Standing Stones

Standing stones are better known as liths, or orthostats. They are known as megaliths due to their cumbersome size. These stones are always set in the solitary position. They are placed vertically in ground. Numerous varieties exist. If they come into view in groups, forming a circle, ‘megalithic monuments’ is the name given to them. There is no information regarding the origin of standing stones. However, some traces of pottery suggest that they belonged to the ‘Beaker People’.

Cove

The term ‘cove’ is used in describing a group of tightly concentrated standing stones that were found in Bronze and Neolithic Age in England. Coves have a rectangular or square plan. They act as tiny enclosures within further avenue, stone circle, or henge features. Here, 3 or 4 orthostats are placed together giving impression of box. The stone shave an opening between them. The orientation of these stones is towards southeast. The examples of coves include ‘The Longstones in Wiltshire’, ‘Avebury Henge in Wiltshire’, ‘Stanton Drew in Somerset’, and ‘Mount Pleasant henge in Dorset’.

Orthostat

Standing stones like Menhirs technically fall in the category of orthostats though this term is exclusively used by archaeologists for describing individual stones of prehistoric era that comprise of bigger structures.
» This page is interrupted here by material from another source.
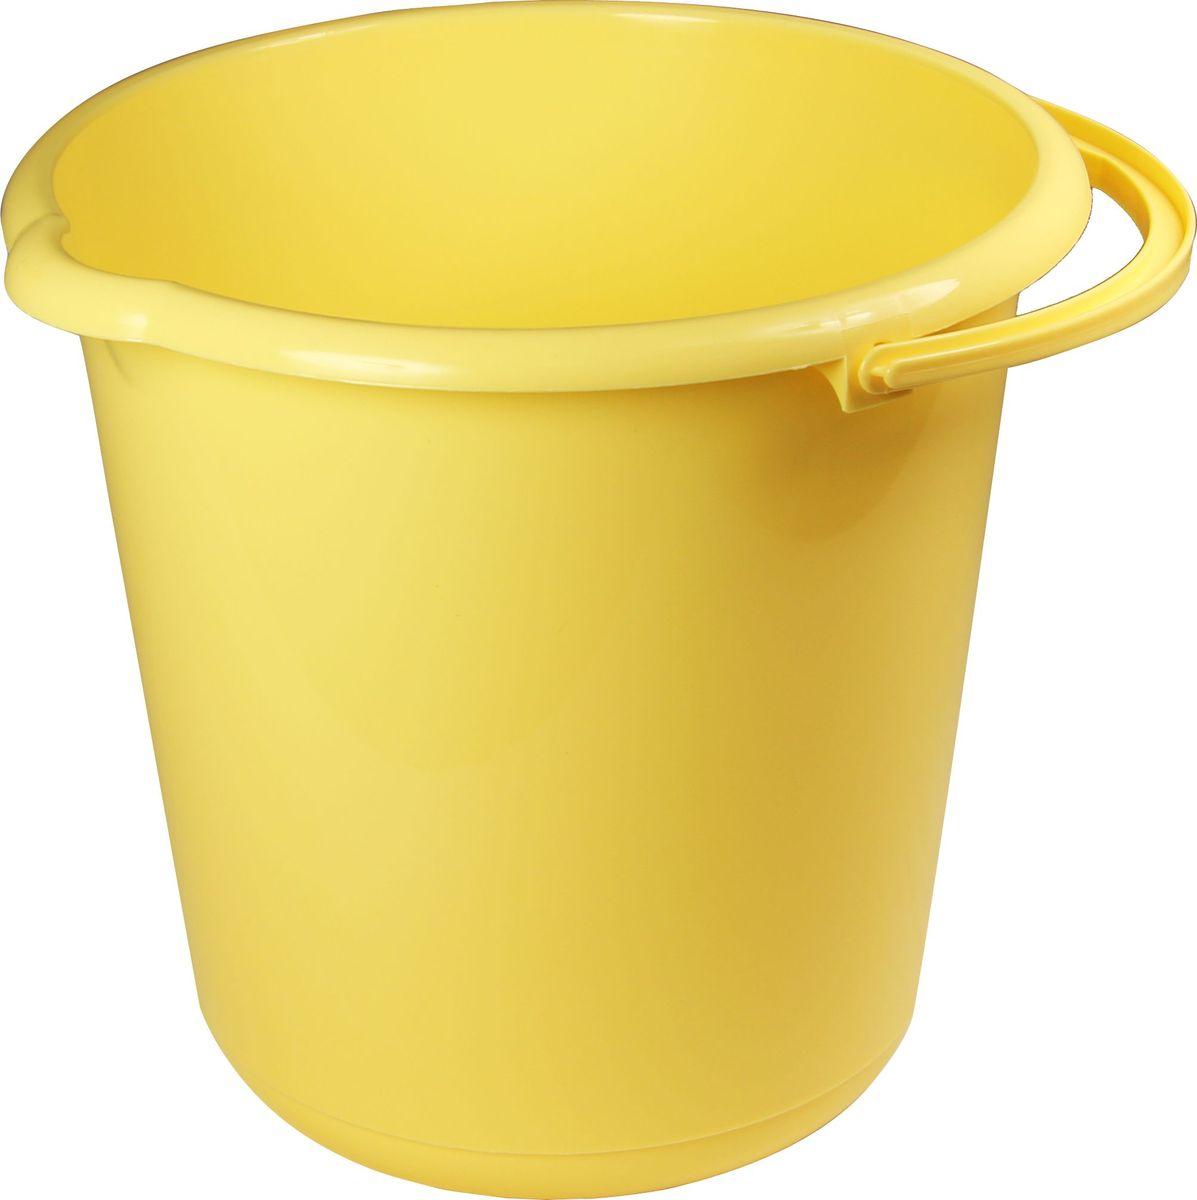 Ведро хозяйственное Idea, цвет: банановый, 3 лМ 2428_банановыйВедро Idea изготовлено из высококачественного прочного пластика. Оно легче железного и не подвержено коррозии. Ведро оснащено удобной пластиковой ручкой. Такое ведро станет незаменимымпомощником в хозяйстве.Диаметр (по верхнему краю): 20 см.Высота: 18,5 см.

Examples of such sort include walls of ‘chamber tombs’, verticalities of trilithons at ‘Stonehenge’. Megalithic art is being depicted by most of the orthostats.

Pole-hole slab

Pole-hole slab, in megalithic archaeology, is referred to as an orthostat having a hole. At times, it looks like entrance to the ‘chamber tomb’. The hole normally has a circular shape. However, there are examples of square shapes as well. These shapes arise due to the joining of two slabs with notch cut into the joining. Such slabs are commonly found in ‘gallery graves’ of ‘Seine-Oise-Marne’ culture.

Trilithon

A trilithon can be described as a structure that consists of 2 big vertical stones. These stones are supported by a 3rd stone set. This set is supported horizontally on the top. The trilithons at Stonehenge and in prehistoric temples of Malta have acquired an international acclaim. They have been included in ‘UNESCO World Heritage Site’. The derivation of the word ‘trilithon’ comes from the ‘Greek’. Tri-three and lithos-stone, i.e. ‘having three stones’. William Stukeley was the first one to use this word.

Stone Circle

A ‘stone circle’ can be described as an antique monument. Monument of such sort is not necessarily circular. An elliptical pattern is normally formed. Many a times, the stones are laid in such a way that a circular arc is formed. One should not get confused between an isolated monolith or a henge and the stone circle, even if the encounter of all these features takes place in a ‘single location’. As per the archaeological survey, stone circles were constructed with a sole purpose of connecting with the beliefs of ‘prehistoric people’.

Stone Ship

The ‘Stone Ship’ can be referred to as a ‘Germanic burial custom’. They were known as devil ships previously, as they were believed to have witnessed the real burning ship wherein the dead used to be thrown into the sea.